The work is just that, and like work it’s also hard, stressful, frequently exhausting and often to the detriment of one’s mental or emotional well-being, sometime both.
But in that place where the artist lives, whether through process or product, the satisfaction of having done the good work, the right work, their own work, and their own thing is the only glamor, reward or external they’ll ever need. At least that’s what I’ve found to be the case.
It’s everywhere, and the present observer is fortunate enough to see it in everything; I’m talking about beauty of course. However, there are those times when we’re somewhere that feels completely devoid, not just of natural beauty, but of even man-made beauty.
For starters, this is a state of mind, more than anything, because truly beauty is seemingly everywhere if you can just find it, but a question I’ve pondered at more than one employer when working as a graphic designer or content writer is where can I get inspiration when I don’t see beauty or inspiration in anything. I’ve talked about variations of this dilemma many times before, but what I’ve found is that there are a couple things that you can do.
Since we’re usually locked at a desk when this feeling kicks in and I’m sure that this feeling of not being free plays a significant part in the process, but if we assume this part can’t be helped, we can start with:
The “things that have inspired me” file. Everyone who has to be creative on demand should have one of these. Keep a file of the various things that have inspired you and made you feel creative. It will come in very handy. Sometimes, we can even borrow ideas right from these files and then use them or restructure them in a way that suits our needs… Or you can just steal ‘em outright, and say to hell with it… 100% originality can’t happen everyday, even if we want to believe otherwise…

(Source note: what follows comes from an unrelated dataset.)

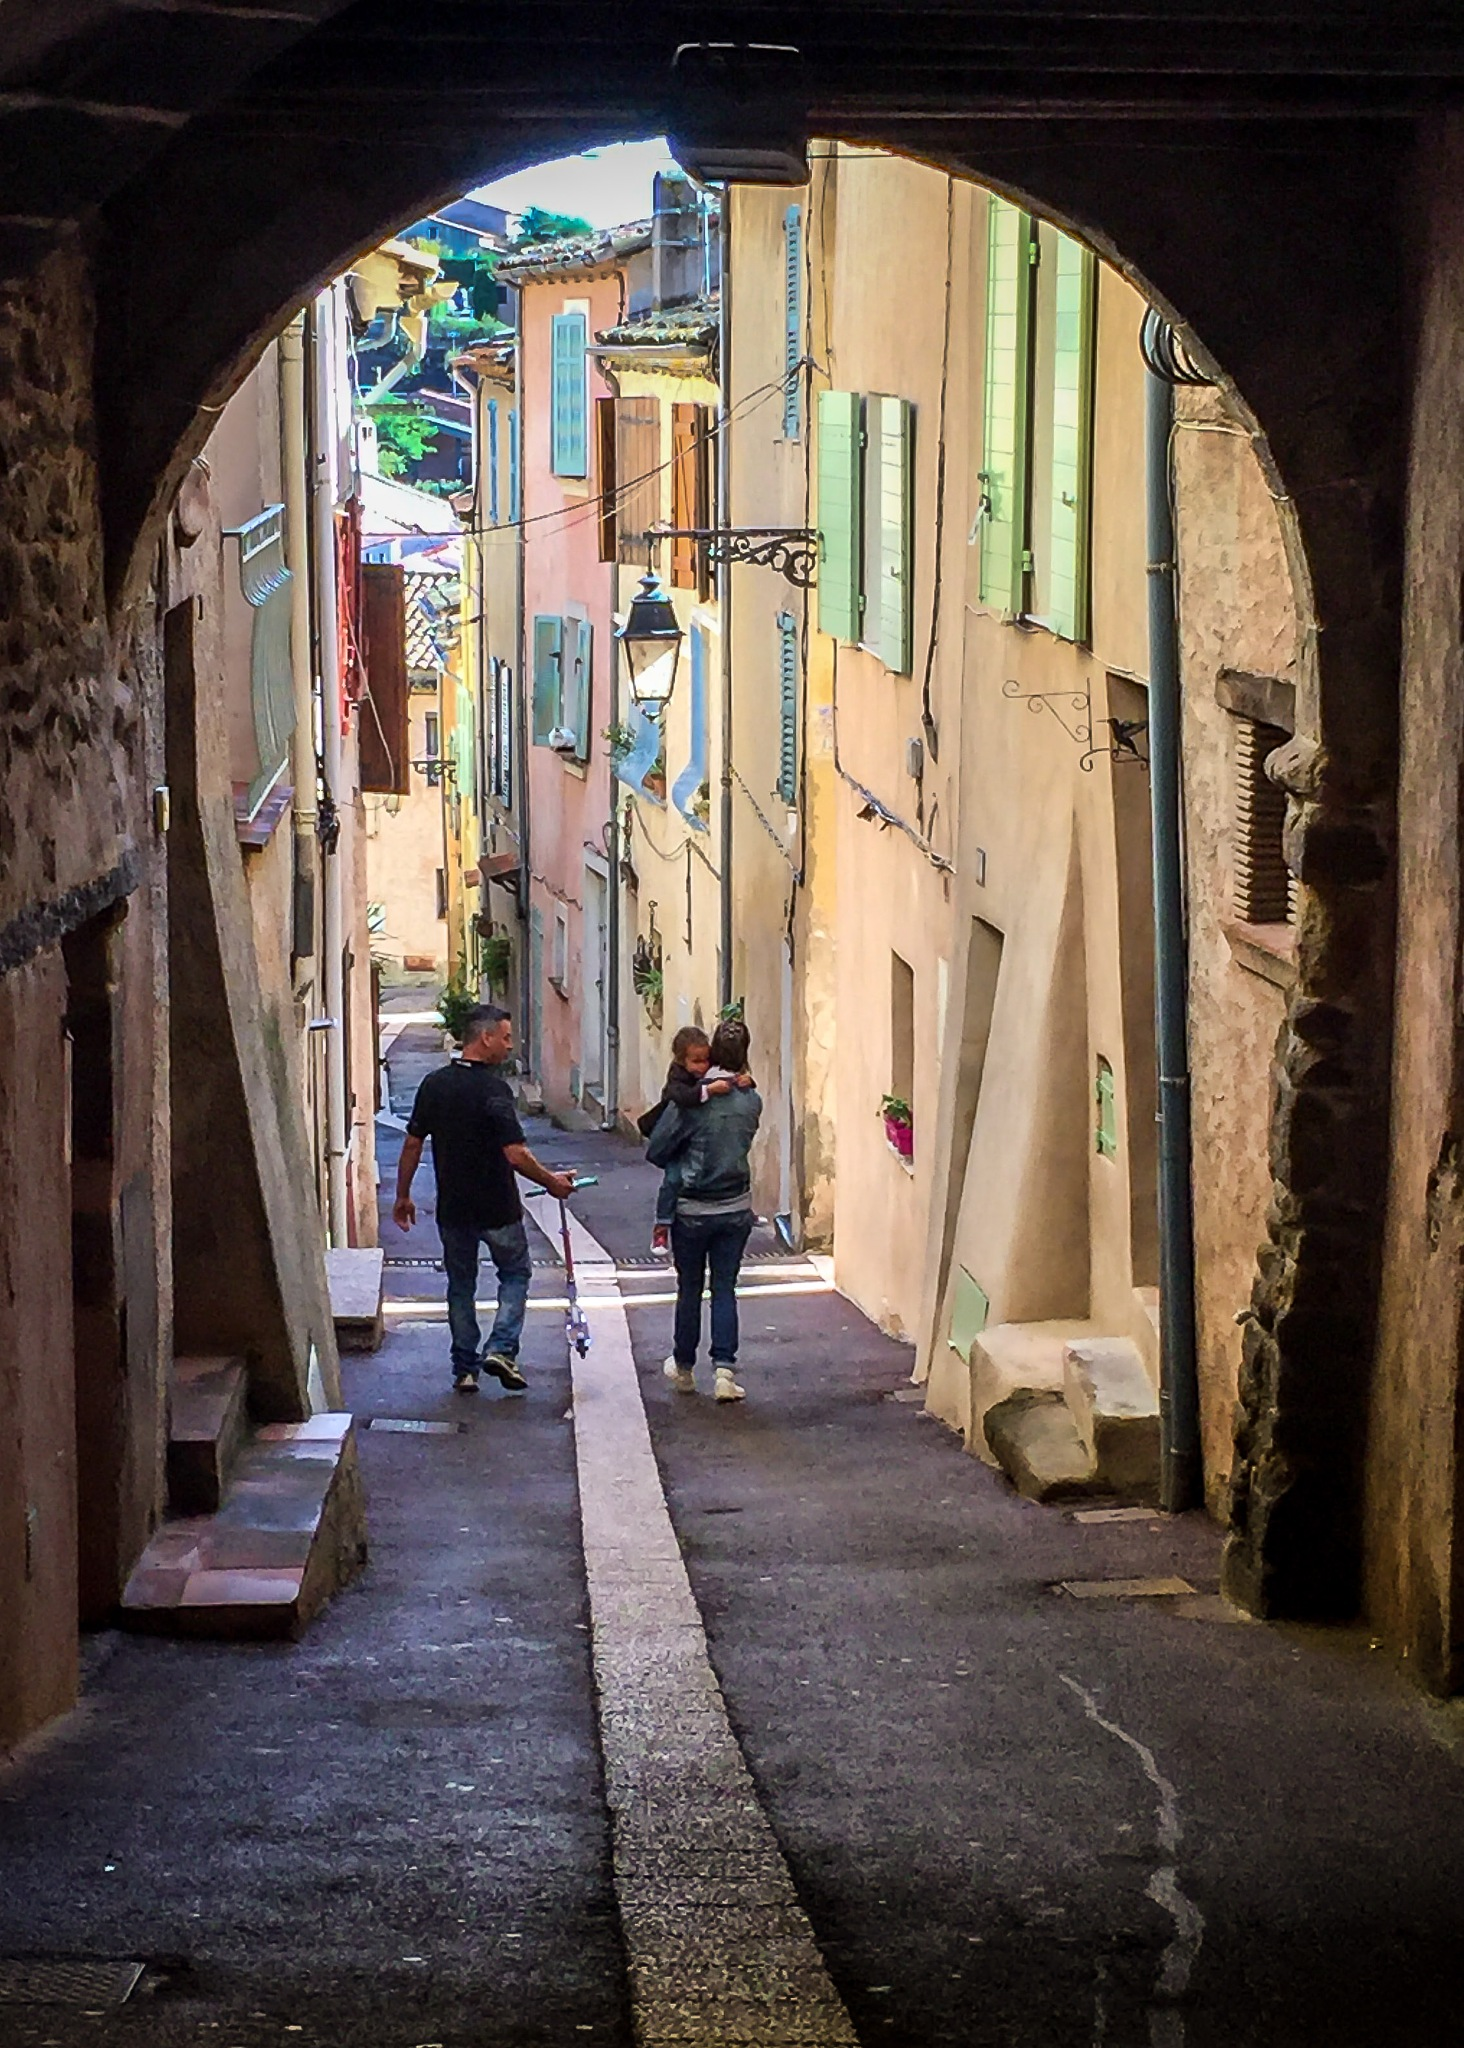 Street in Roquebrune-sur-Argens by Peter McCormack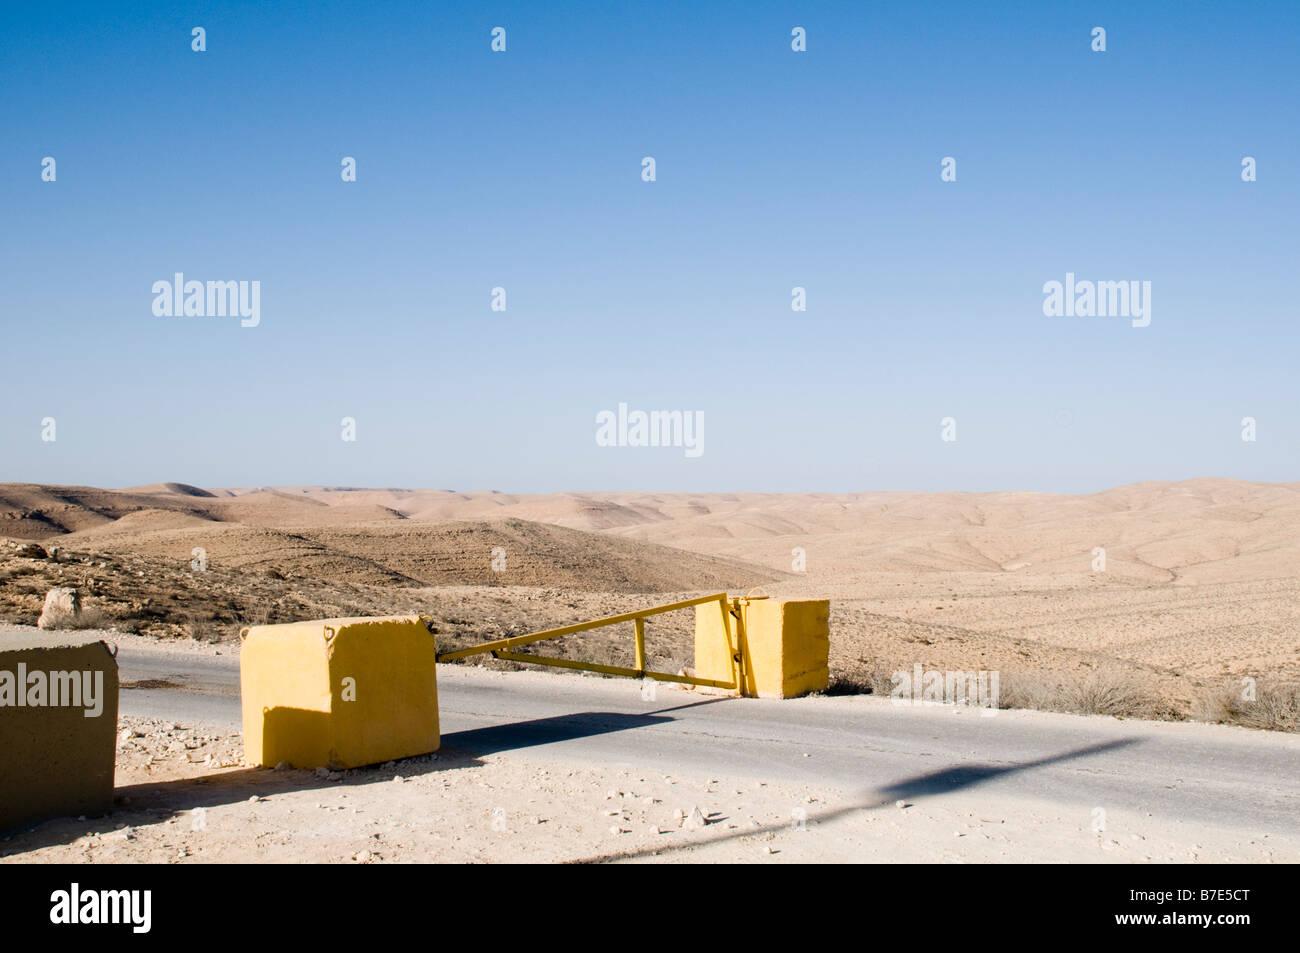 Israel Negev Desert Harif Mountain 1 012m on the Egyptian border A roadblock on the border road - Stock Image

There’s also what I call the Oblique Strategies approach, which is an allusion to set of cards developed by Brian Eno and Peter Schmidt in the 1970s that has one ask various questions to change up their current thought process. This is a great tool and interesting process geared towards stimulating creative thought, but in my version, you don’t need the cards, you just focus on something, an object like a pencil, pen, a ceiling tile pattern or the pattern in the carpet until you no longer see the the object of your focus as the words that you associate with it and instead you begin to see something different, actually something that’s beyond the word and language you’ve assigned to it. This is a neat little exercise for breaking yourself out of a mindspace that’s devoid of wonder and beauty, because through this little meditation you’re put back in touch with that timeless space before things had names and a symbolic place in your psyche.
These are just a few ways I do it, and I’d love to hear about how other approach this.
That’s the thing about being an artist. No matter where, what or how you do things, you’ve realized that there’s no shortcut with emotional labor. Emotional labor means caring about what you do and putting all of yourself into something, not because you feel obliged, or it’s easy, but because that’s the only way to do it — that’s the only answer. When it comes time to solve a problem or complete a task, the artist gets to work. They know that there aren’t any shortcuts. You have to pull the figure from the block of wood, use the blank space of the canvas to create a new world, take invisible frequencies and pitches and organize them into a melody or a symphony.
No good work gets done without doing the emotional labor. Even physical work, especially physical work, contains a piece of yourself, a self that is inextricably linked to an emotional something deeper than merely, mindlessly moving your muscle to complete a given task. With the act of the physical and the creative, you’re all in; there’s no substitute and when the artist attempts to supplement emotional labor with some other force of will, often the outcome is dissatisfying exhaustion that depletes and enervates you.
For the artist, doing the emotional labor is the only way.
Recently, I was struck listening to a very seasoned artist, a world-class, world-famous concert violinist. Perhaps it was an off day, or the tenth interview regarding a new release, but what little they had to say fell very flat. Near the end, the interviewer was able to get more out of them, and able to get a little more enthusiasm about the work that they were discussing, but as I was thinking about our role as artists, if we can’t advocate for our own work, how we can expect any one else to do it either?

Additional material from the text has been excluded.